Her life has been touched by stark tragedy (the death of her lover, actor John Cazale, of bone cancer in 1978) and great joy (her marriage to sculptor Don Gummer and the birth of their son in 1979). She is, like all of us, the sum of her past experiences. But she remains, to a degree, inscrutable. “I think all of us are. Even our analysts don’t know who we are.”
She doesn’t mind telling us, “I am not self-confident – as people assume I am. I am filled with insecurities.” And she carries a bag of fear.
Returning to the subject of the superlatives that are being heaped upon her, she says, “I can’t take any pleasure in it. I feel very paranoid about it. When I think of what the press did to a marvelous man like John Travolta. They raved about him in ‘Saturday Night Fever,’ then tore him apart when he made his next movie. And I must tell you I have this terrible fear they’re sharpening their knives for me now.”
She has certainly not gone out of her way to become the media’s darling. And being singled out for the attention she’s receiving makes her fear, “It will damage the way I walk into a rehearsal hall. An actor is only as effective as what he or she gets and gives from other actors. It is a collaborative effort.”
Director Karel Reisz reveals that Meryl’s reputation did cause some trepidations on the part of her “French Lieutenant’s Woman” co-star Jeremy Irons when production on the picture first began. “But within a week she managed to get it out of the way. She is an ensemble performer. She doesn’t behave like a star.”
And Irons, the English actor who makes her big-screen debut as the 19th century aristocrat who is obsessed with love for the French Lieutenant’s woman, describes Meryl as “strong, opinionated – and nearly always right. She gnaws at a problem until she finds its solution.”

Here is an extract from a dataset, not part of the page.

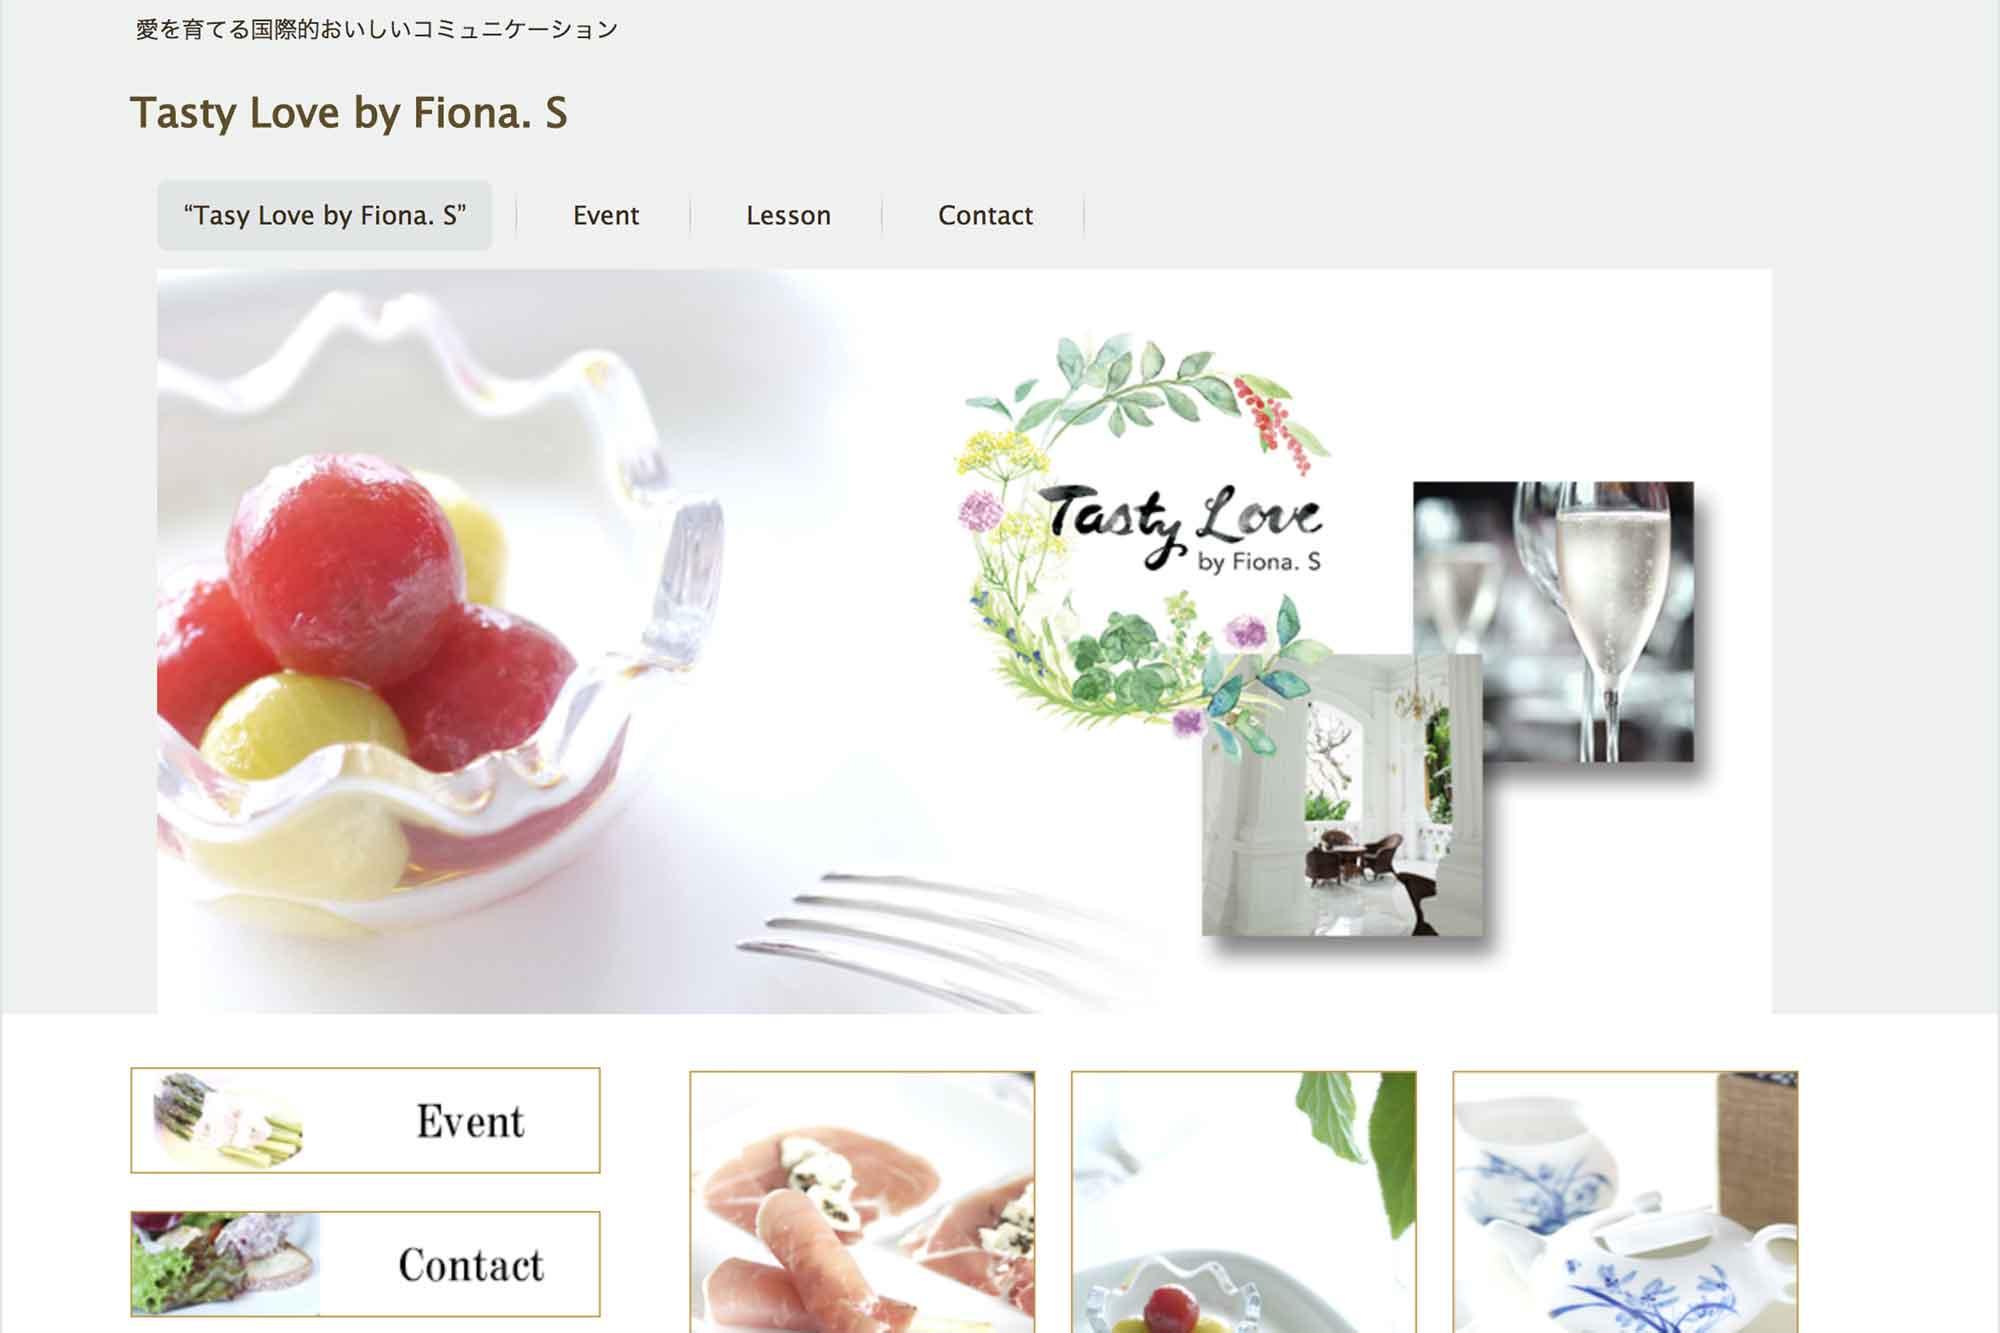 ワードプレスでホームページ作品:Tasty Love by Fiona. S

Filming the movie in England was good for her, he says, because, “Unlike America, stars are not to be revered over there. We don’t have the machinery to produce them ourselves – so we hold them a little in suspect. And while she was there, she could go shopping and not be mobbed, and not have to worry about security and all that.”
Security – for herself and her family – does preoccupy Meryl over here. It’s one of the prices she finds she has to pay for stardom And she doesn’t like it. Stardom, she’s also finding, means “having to change your phone number every five minutes, it seems, and having people look at you differently.”
Her ability to adapt speech patterns and mannerisms for her various characterizations was born, she says, of her talent for mimicry. “I would observe people on the street and imitate them But I can’t do that any longer. You can’t watch someone who is watching you, and that is what happens when you become famous.”
If fame causes her anxiety, her love her craft seems to make it all worthwhile – and more.
“It is fun, it is fakery,” she says with an easy smile. “It is very liberating to be an actress. And probably the only thing I could ever do, because I get bored very easily. I have a very short attention span. I have never been in a long run of a play and would probably die if I were. Film acting is the perfect profession for me.”
Even if it has brought with it the pressures she abhors.